Взяв чашку с кофе, которую она протянула ему, он устроился с одного края большого кресла, или, скорее, маленького диванчика, а она, скинув туфли и подогнув под себя одну ногу, уселась рядом с ним. Ее колено почти касалось его бедра. О боже, подумал он, почему она не убирает его?
— Джин, а почему ты не замужем? — неожиданно для себя спросил он.
— А с чего вдруг такой вопрос?
— Ну как же, — сказал он более мягко. — Тебе двадцать семь, и ты красивая, живая, талантливая...
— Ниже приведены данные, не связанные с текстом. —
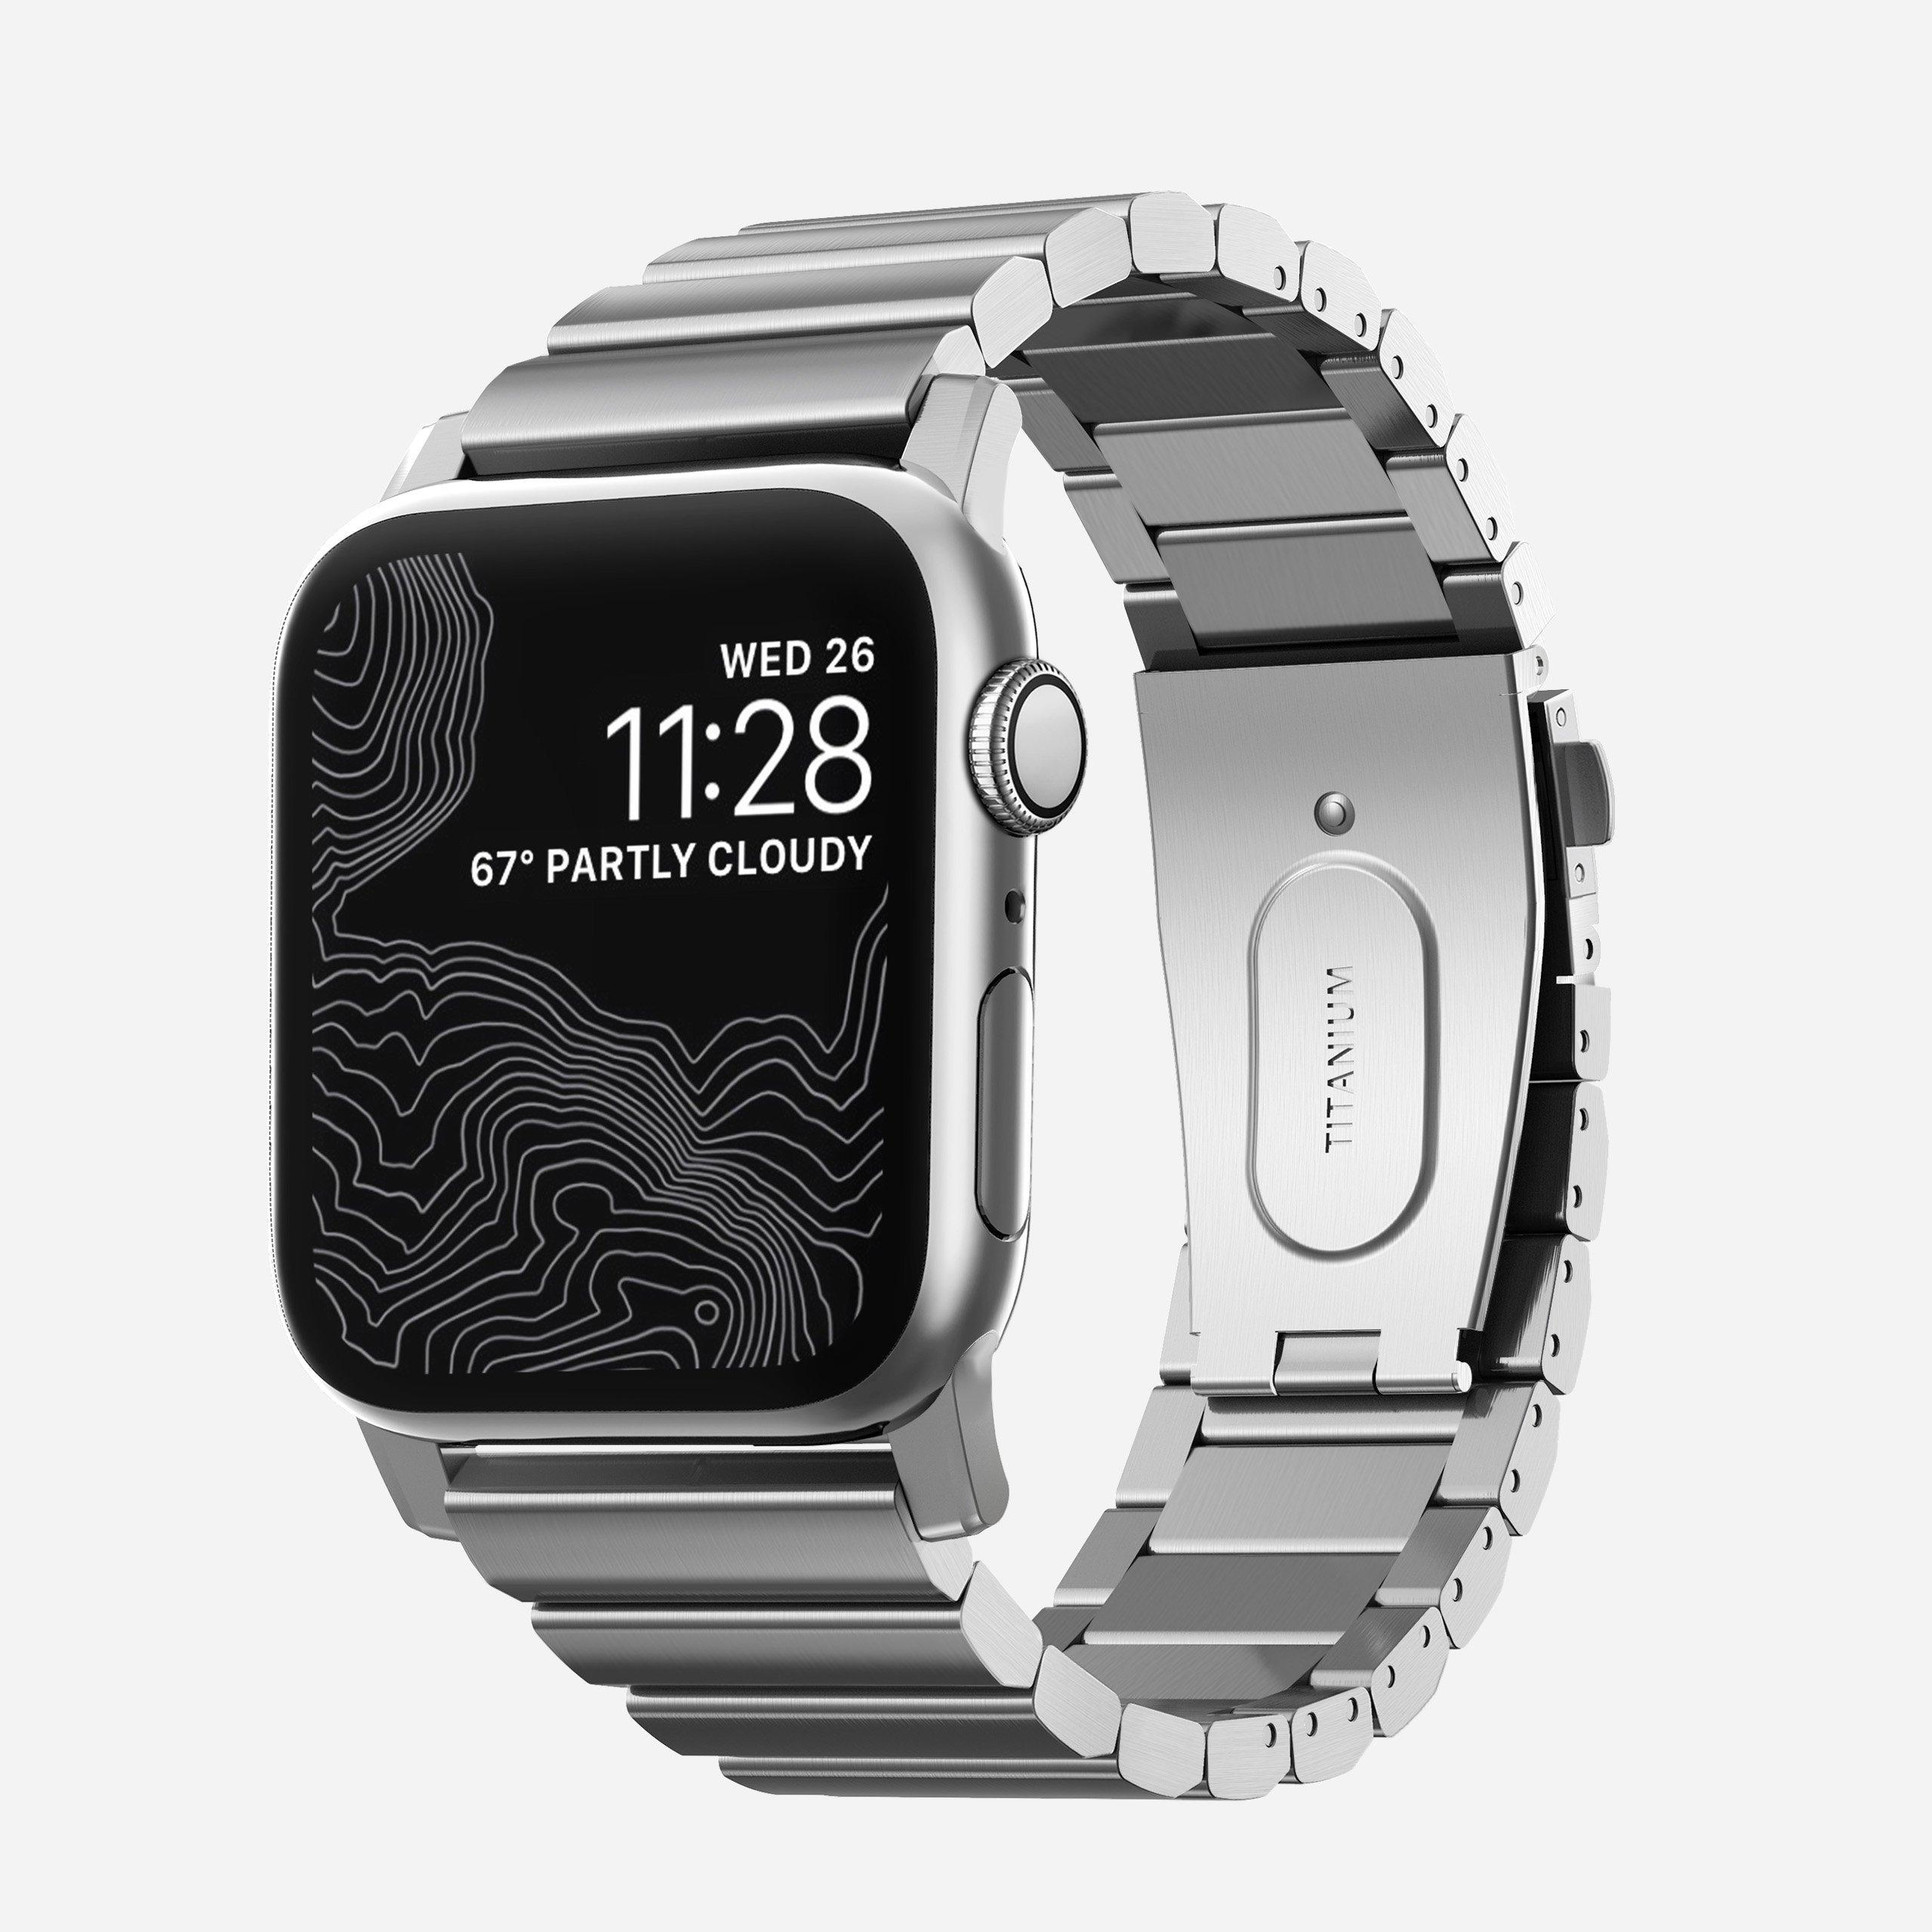 Apple Watch Titanium Band, Silver Hardware

— Ты хочешь сказать, что я разношу почту талантливо?..
— Ты смеешься надо мной, а я серьезно.
— Когда ты серьезен, у тебя появляется небольшая морщинка между глаз. — На какое-то мгновение она коснулась его лба. — И это делает тебя старше.
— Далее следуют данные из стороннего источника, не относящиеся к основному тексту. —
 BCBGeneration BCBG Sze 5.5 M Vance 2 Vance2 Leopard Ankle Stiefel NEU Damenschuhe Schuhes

— Я и есть старше. Так почему все-таки?
Она потянулась.
— Может быть, потому, что я была часто неприветлива и холодна.
— А что сделало тебя такой? Несчастная любовь?
— Можно сказать и так, — тихо произнесла она и снова отхлебнула кофе. Он показался ей горячим, и она поставила его на поднос, чтобы остыл.
— А что случилось? — спросил Майкл как можно мягче. Положив руку на спинку кресла, он повернулся к Джин лицом. Когда его колено коснулось ее, он ощутил легкий трепет в ней, но она не отодвинулась.
— Это старая история. Ничего из того, что не испытали уже миллионы других людей.
Она коротко рассмеялась и подняла глаза. В них было нечто, чего он не видел прежде: какая-то глубокая затаенная боль.
— А ты действительно подходишь для своей работы, — сказала она. — Настоящий психолог. Не припомню, чтобы я когда-нибудь так много говорила о себе в один вечер.
— А ведь ты на самом деле сказала не так уж много. То, что я спрашиваю тебя сейчас, мне действительно важно знать.
— Хочешь наставить на истинный путь?
— И не собираюсь.
— Ну да! Ведь это твоя профессия.
— Я хочу помогать людям. Если у них есть проблемы, я стараюсь, чтобы они поняли их природу и самостоятельно справились с ними. Я не психиатр и имею дело с нормальными людьми. Кроме того, я здесь у тебя не как воспитатель, а как друг. Так что же произошло?
Джин почувствовала, как кровь прилила к лицу. Никогда и никому не рассказывала она о своем прошлом. Но Майкл был не просто первый встречный, и ему, пожалуй, она могла кое-что рассказать.
— Мои родители разошлись, когда я была маленькая. Вот и все.
— Это было отвратительно?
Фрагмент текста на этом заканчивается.